Deterministic Hashing#

In order to detect whether a Step has to be re-run or not, Tango relies on some tools to compute deterministic hashes from the inputs to the Step.

The center-piece of this module is the det_hash() function, which computes a deterministic hash of an arbitrary Python object. The other things in this module influence how that works in various ways.

class tango.common.det_hash.CustomDetHash[source]#

By default, det_hash() pickles an object, and returns the hash of the pickled representation. Sometimes you want to take control over what goes into that hash. In that case, derive from this class and implement det_hash_object(). det_hash() will pickle the result of this method instead of the object itself.

If you return None, det_hash() falls back to the original behavior and pickles the object.

abstract det_hash_object()[source]#

Return an object to use for deterministic hashing instead of self.

Return type:

Any

class tango.common.det_hash.DetHashFromInitParams(*args, **kwargs)[source]#

Add this class as a mixin base class to make sure your class’s det_hash is derived exclusively from the parameters passed to __init__().

det_hash_object()[source]#

Returns a copy of the parameters that were passed to the class instance’s __init__() method.

Return type:

Any

class tango.common.det_hash.DetHashWithVersion[source]#

Add this class as a mixin base class to make sure your class’s det_hash can be modified by altering a static VERSION member of your class.

Let’s say you are working on training a model. Whenever you change code that’s part of your experiment, you have to change the VERSION of the step that’s running that code to tell Tango that the step has changed and should be re-run.
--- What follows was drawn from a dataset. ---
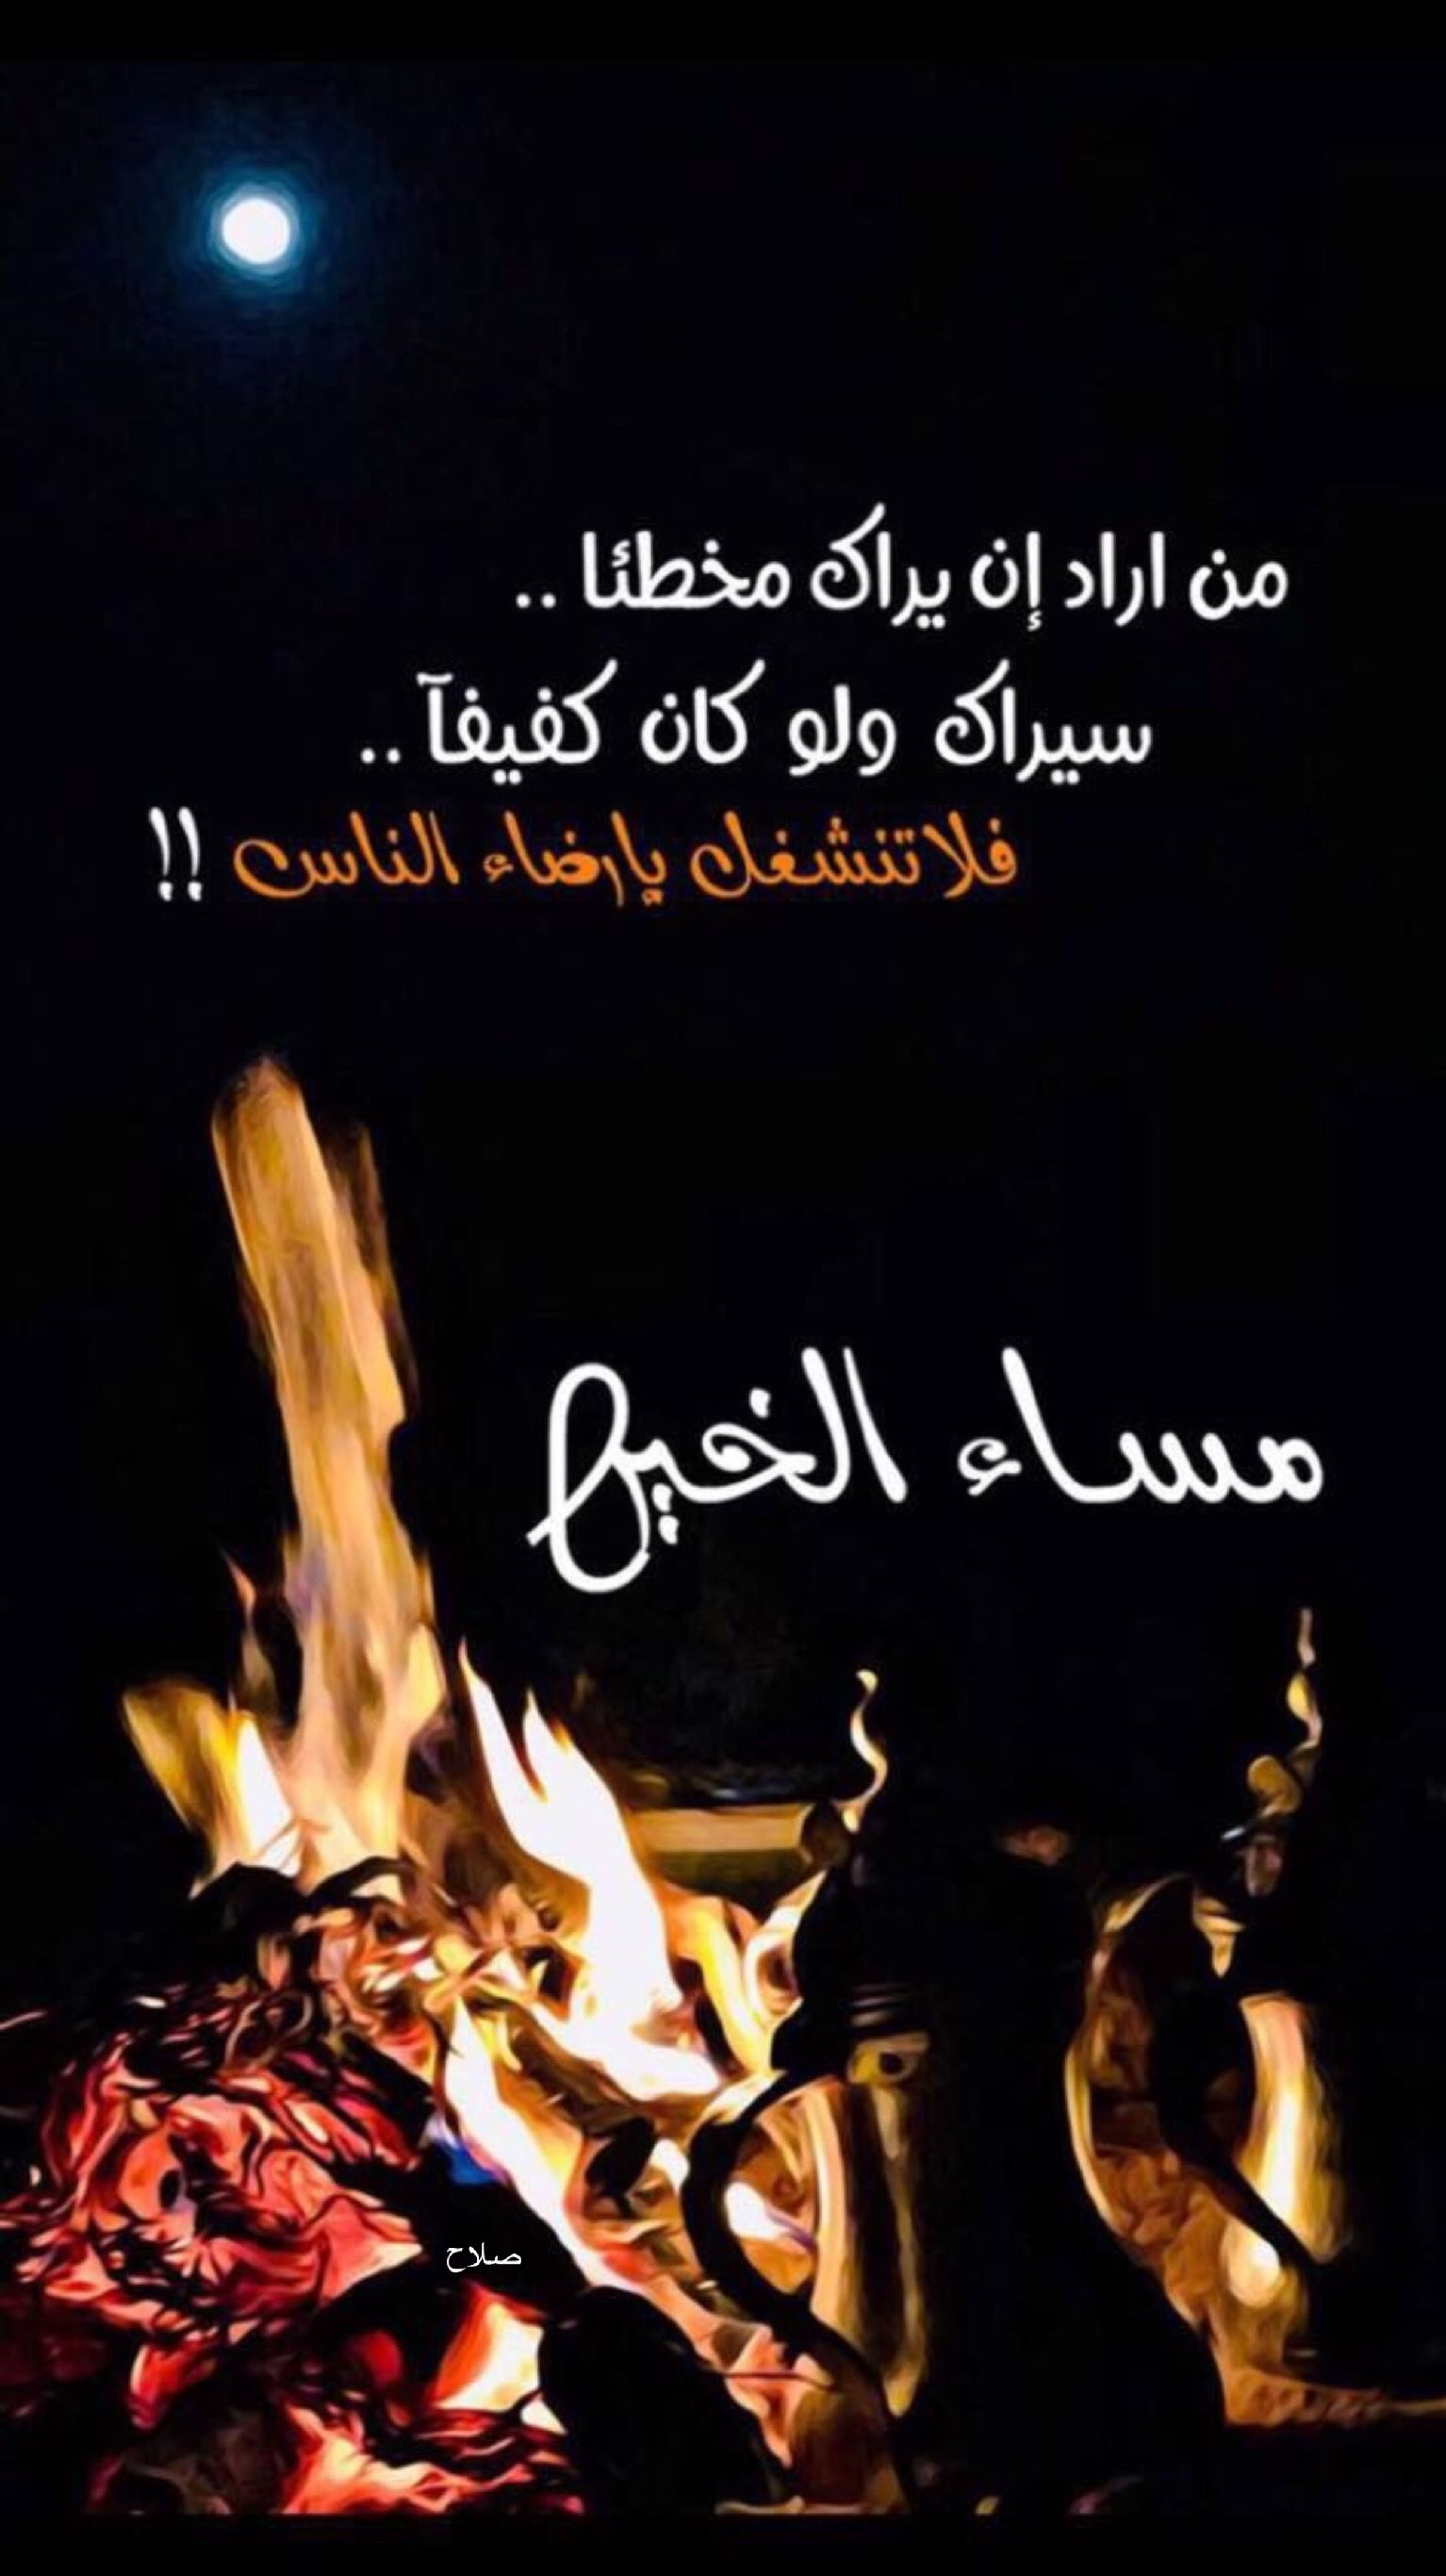 Pin By Salah Mahjoub On مساء الخير Romantic Love Quotes Love Words Funny Babies

But if you are training your model using Tango’s built-in TorchTrainStep, how do you change the version of the step? The answer is, leave the version of the step alone, and instead add a VERSION to your model by deriving from this class:

class MyModel(DetHashWithVersion):
    VERSION = "001"

    def __init__(self, ...):
        ...
det_hash_object()[source]#

Returns a tuple of VERSION and this instance itself.

Return type:

Any

tango.common.det_hash.det_hash(o)[source]#

Returns a deterministic hash code of arbitrary Python objects.

If you want to override how we calculate the deterministic hash, derive from the CustomDetHash class and implement CustomDetHash.det_hash_object().

Return type:

str